Considering it is early days, it is hard to tell who will concur the e-wallet space. Five Malaysian banks and as many as 23 non-bank entities hold e-money licences issued by Bank Negara which are allowed to issue e-wallets. Not many of them are active in the e-wallet space, and are focused instead on loyalty and petrol cards.
The big boys are in the game. Malayan Banking Bhd , the largest bank in the country, lays claim to being the first to launch the country’s first mobile wallet payment platform in the form of MaybankPay. Subsequently, it partnered Samsung to launch the Samsung Pay mobile wallet.

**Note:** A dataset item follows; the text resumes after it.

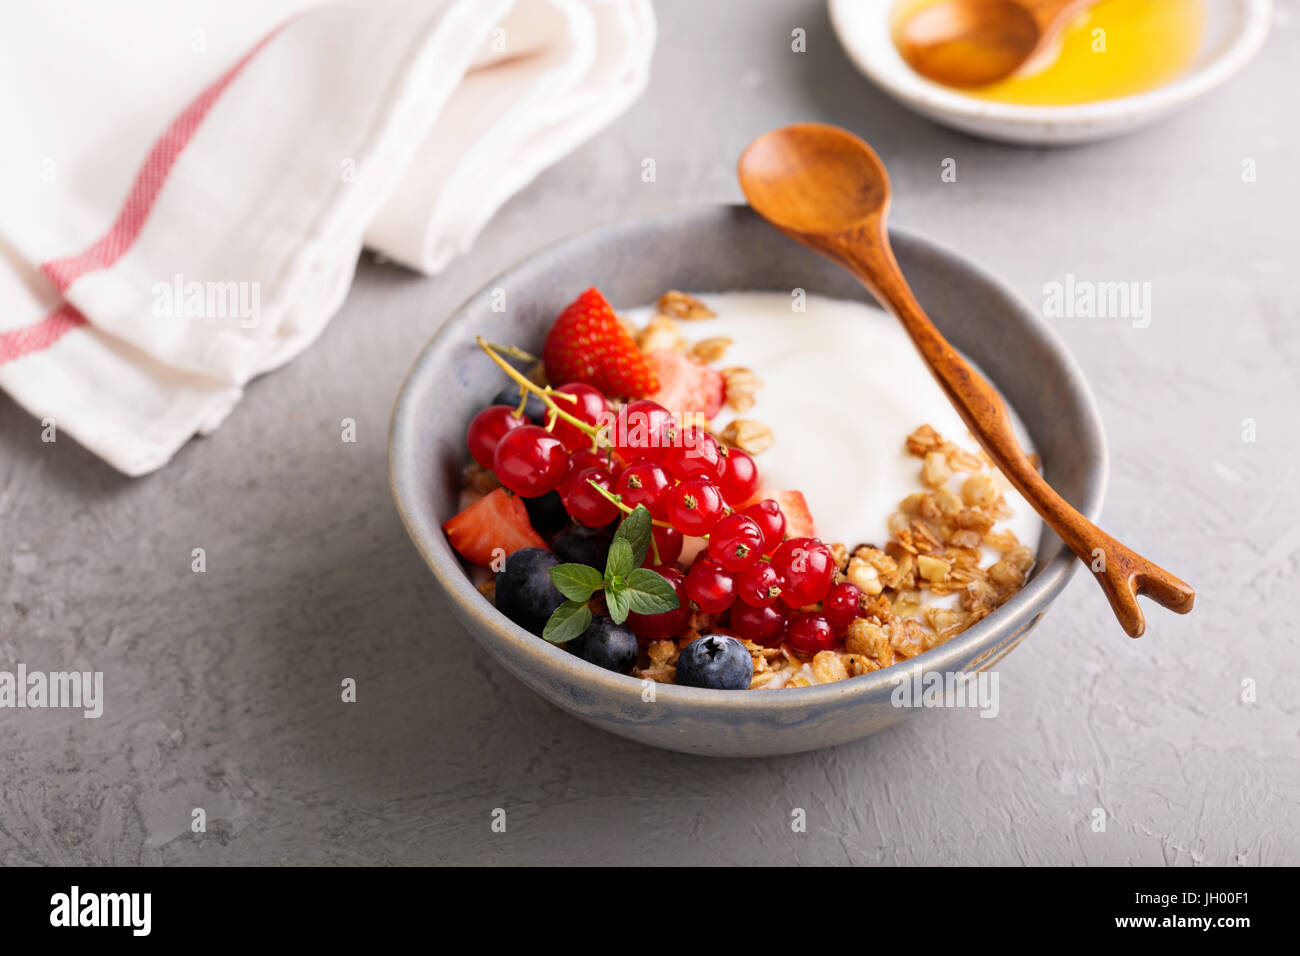 Yogurt bowl with granola and fresh berries Stock Photo
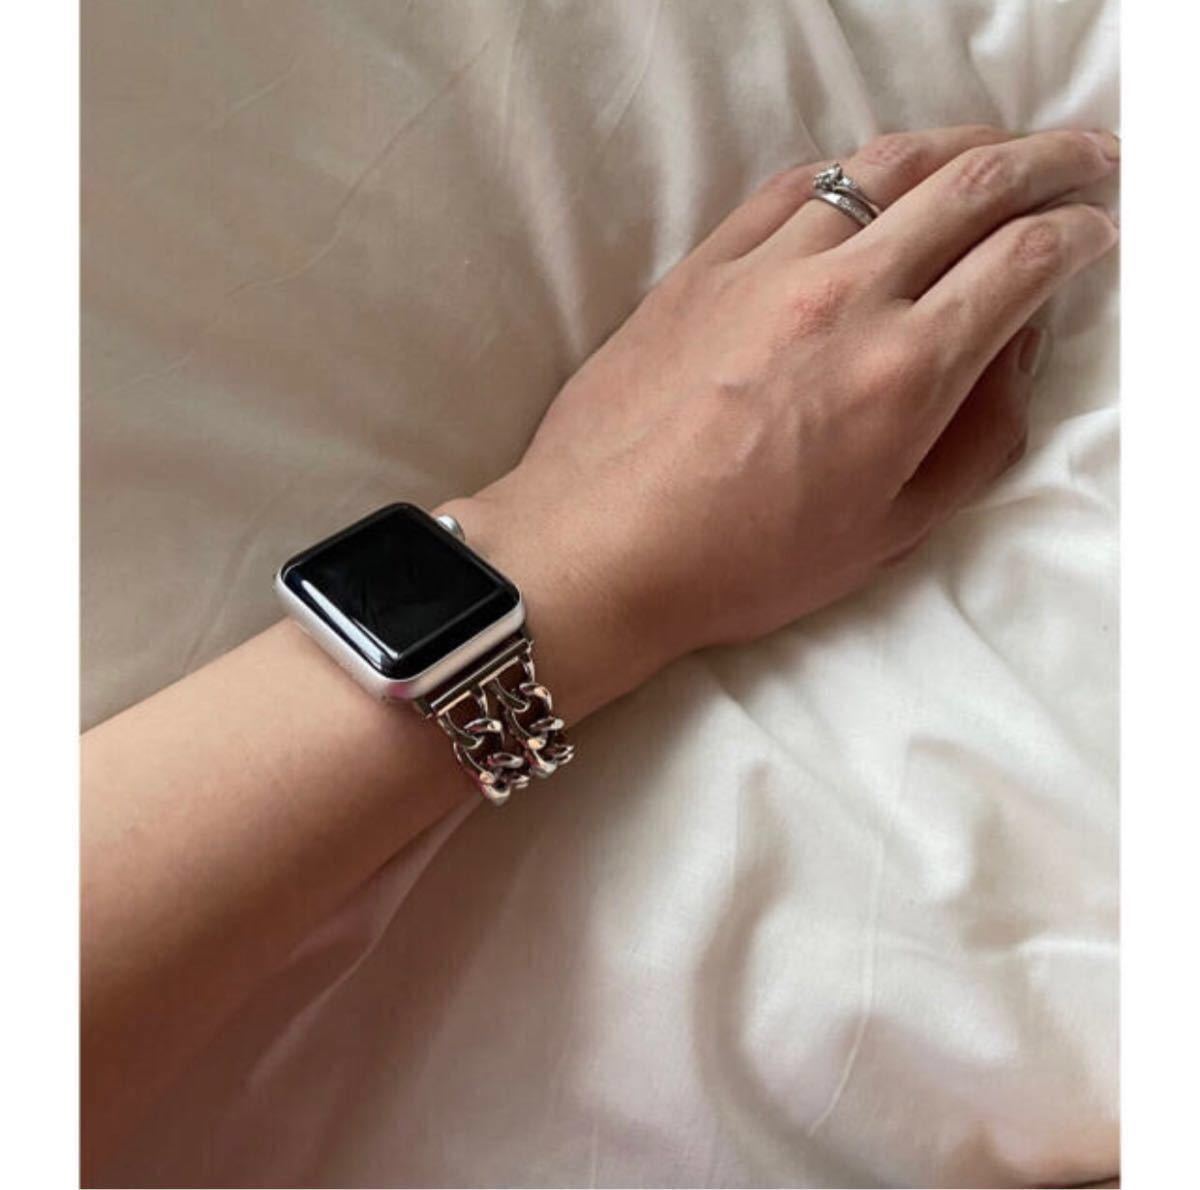 Apple Watch シングル チェーン ベルト バンド 38~40 mm

Maybank says the transactions and usage of its mobile wallets are growing by more than 50% annually, a much higher pace than its growth of credit and debit cards although the latter still accounts for the bulk of non-cash transactions.
Then there are the China giants. Even before Alipay announced its tie-up with TNG, Tencent Holdings Ltd said it had applied for a licence in Malaysia to offer local payment services via its WeChatPay, in what would be a first for the platform outside of China.
The advantage WeChat has is that many Malaysians already use this messaging app, meaning that they merely need to be convinced to switch on their payment function and use it in outlets in Malaysia.
Niche players are also getting into the scene. For example, a brand called Kiple is being trialled in the food and beverage (F&B) and services space, with close to 1,000 outlets in the Klang Valley accepting payment via this e-wallet.
Kay Tan, the CEO of Green Packet Bhd , the licensed issuer of the Kiple e-wallet says it is not just about making ease of payment but building a collaborative ecosystem to benefit both consumers and merchants. We are building a platform for continued patronage, ease of use, tracking and relevant rewards among others.”
He adds that the winners will be those who offer a better service and value add both to the consumer and merchants.